The /skill-creator skill is an official Anthropic plugin that helps you build, test, and optimize skills through a structured loop: draft, run test cases, review outputs, improve, repeat.
What it does:
- Helps capture your intent and write a first draft
- Generates realistic test prompts and runs them (with and without the skill) to compare
- Opens a browser-based viewer for you to review outputs side-by-side and leave feedback
- Runs quantitative benchmarks (assertion-based grading, timing, token usage)
- Iterates on the skill based on your feedback
- Optimizes the description field for better triggering accuracy
Install it:
claude plugins install skill-creator@claude-plugins-officialUse it: Type /skill-creator in Claude Code when you want to create a new skill or improve an existing one.

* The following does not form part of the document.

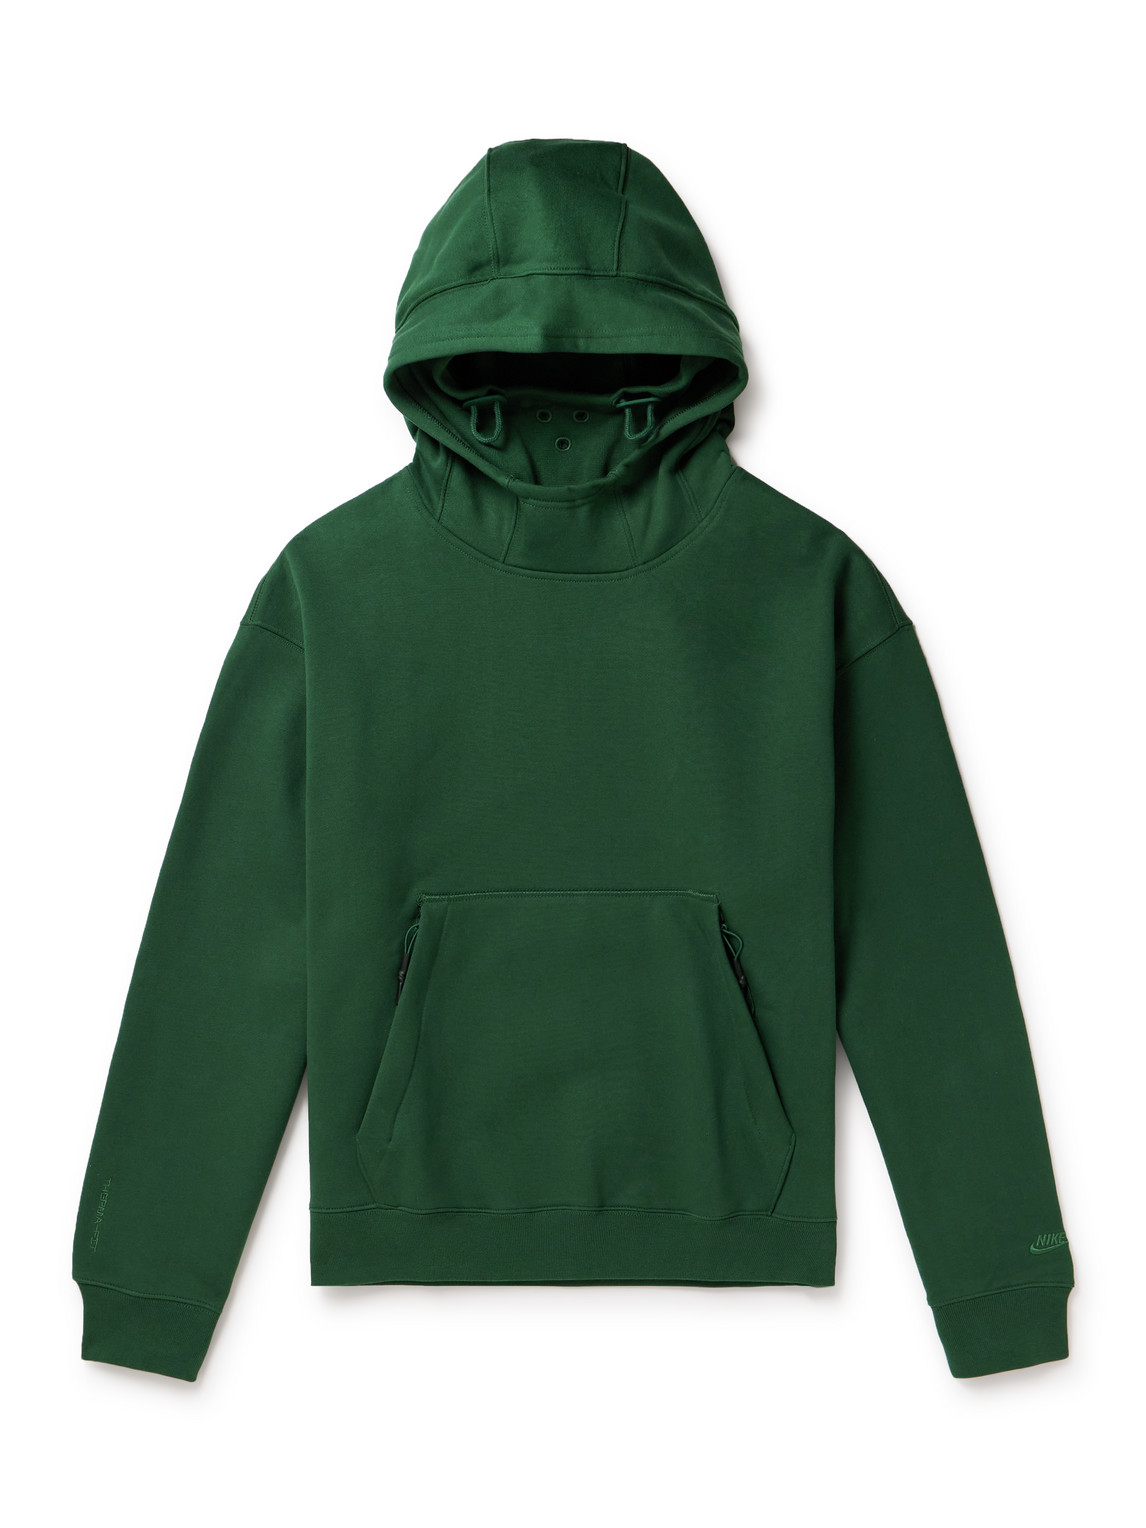 NSW Winter Repel Cotton-Blend Jersey Hoodie

You don't need to use /skill-creator for every skill — for simple, straightforward skills a manual draft and a few test runs is fine. But for complex skills where output quality matters, the structured eval loop catches issues you'd miss from eyeballing alone.
If you're not using /skill-creator, at minimum run your skill on 2-3 realistic prompts — the kind of thing a real user would actually say. If it works well on those, it's ready to share. If something's off, iterate on the instructions.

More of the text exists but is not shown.